Seriously, if truth be told, I've been putting off (well, actually dreading, but putting off as well) writing about Michael Jackson since his death last week, for a couple of reasons.
To begin with, I think it's fair to say that mega-star that MJ was, his connection to the art or commerce of movies was fairly tenuous. With the exception of that Francis Coppola 3D short they ran at Epcot Center up through '94, Michael's film career was pretty much over after his childhood turn in Sidney Lumet's dreadfully ill-conceived version of The Wiz in 1978. (More recently, there was a brief cameo in Men In Black II, which in retrospect is even creepier than it seemed at the time.)

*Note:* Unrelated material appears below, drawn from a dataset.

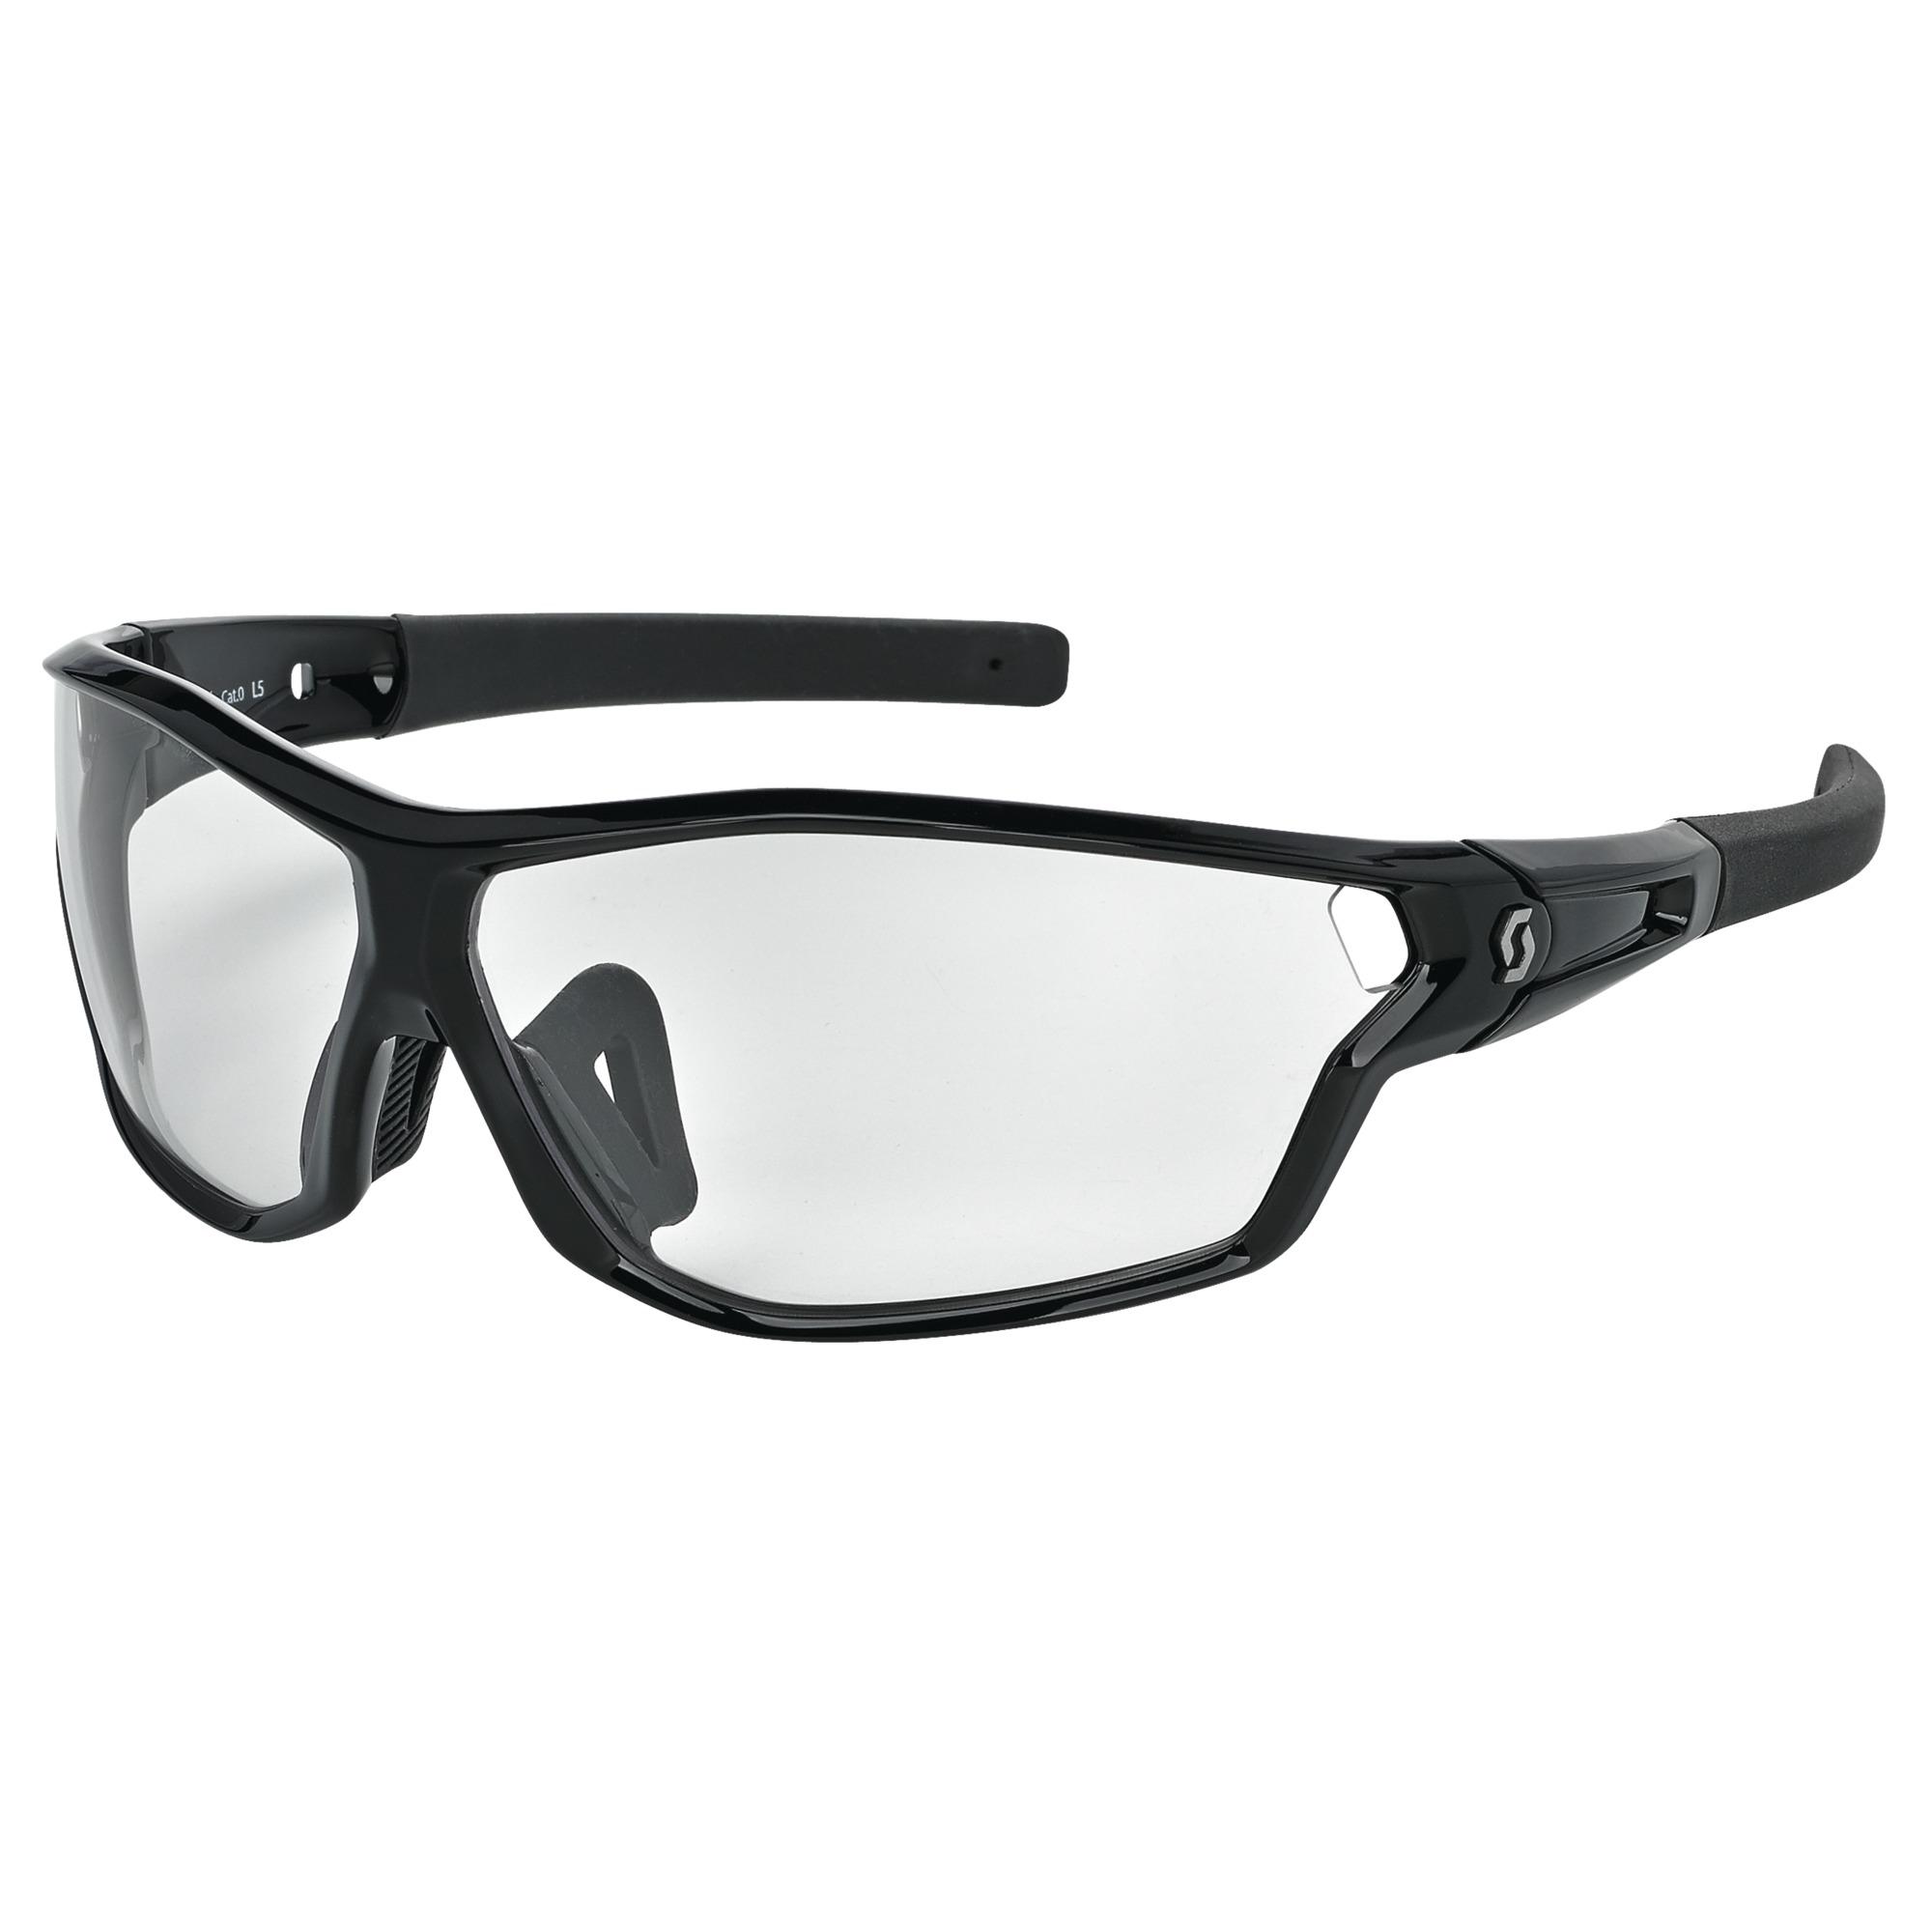 SPORT EYEWEAR SCOTT LEAP FULL FRAME SUNGLASSES 241,968 - Sunglasses ...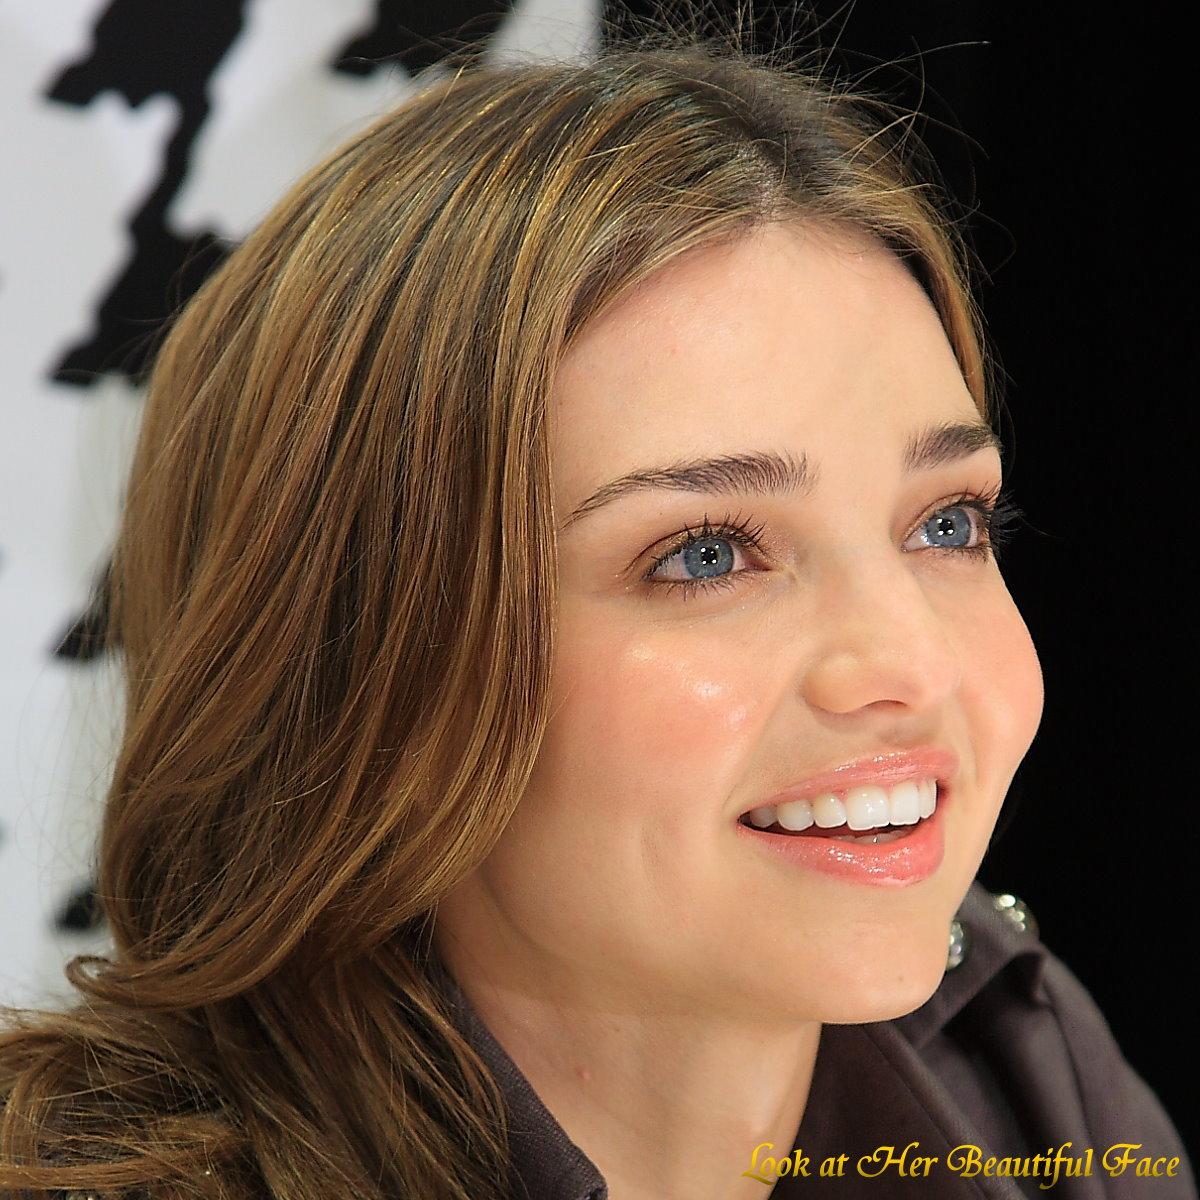 http://1.bp.blogspot.com/__UQSIjH59iA/TBy0UJIifiI/AAAAAAAADfk/SQ-QVPSFFso/s1600/Miranda+Kerr_2.JPG%0A

For another thing, I will confess to a certain revulsion at the humongous media circus Jackson's death has (granted, unsurprisingly) occasioned, a carnival of fatuous crap bounded on the one side by rightwing Culture War gasbags like James Howard Kunstler, a soulless cynical creep whose too gleeful fixation on the seamy details of Jackson's third act is more than a little self-revealing of his own bigoted pathologies, and on the other by lefties like Al Sharpton (who should know better) who have essentially told us that the genuinely disturbing details of Jackson's public life since the Thriller breakthough are nothing more than an inconvenient bad dream which it would be somehow in poor taste to bring up, nothing to see here so just move on.
In any case, it's occurred to me that both of my rationales for not writing about The King of Pop's passing (I should note, incidentally, that nobody ever really believed that he deserved the title; it was, in fact, for all intents literally shoved down the throat of a shamefully compliant entertainment press desperate for access) are essentially dodges, and pretty pathetic ones at that. The fact is that all of us -- you, me, everybody -- inhabit the same vapid celebrity culture that Michael dominated so completely in the last week, and in that context, in a very real sense, the poor SOB can be said to have died for our sins. Frankly, you can think of him as Princess Diana with better dance moves.
That said, I was browsing Newsweek's coverage of the Jackson story, in particular an essay by critic David Gates that I think is among the most levelheaded and sensible things of its kind since the circus came to town. And so I'll leave you with two impressions I came away from it with, impressions which might be worth sharing despite the reservations I already expressed.
The first is that anybody who doesn't think that Jackson was quite astoundingly, perhaps even supernaturally, talented is somebody who has probably never sat down between a pair of headphones and listened to the miracle that is the Jackson 5's "I Want You Back." If Michael had never achieved anything else in his life, that record alone would be more than enough to justify his time on earth.
The second is that anybody who can ponder the chasm that separates these photos...
-- which is to say, the gulf between a supremely vital and charismatic man and a freakish character (The Singing Skull?) out of a bad comic book, someone who inflicted the most drastic mutilations upon himself out of an apparent boundless loathing of his very essence (and most horrifyingly, without a soul around to beg him not to) --
...without coming to the conclusion that on the most basic level, Michael Jackson was as deeply and tragically damaged a human being as has walked the earth in recent memory is, at the very least, somebody who really hasn't been paying enough attention.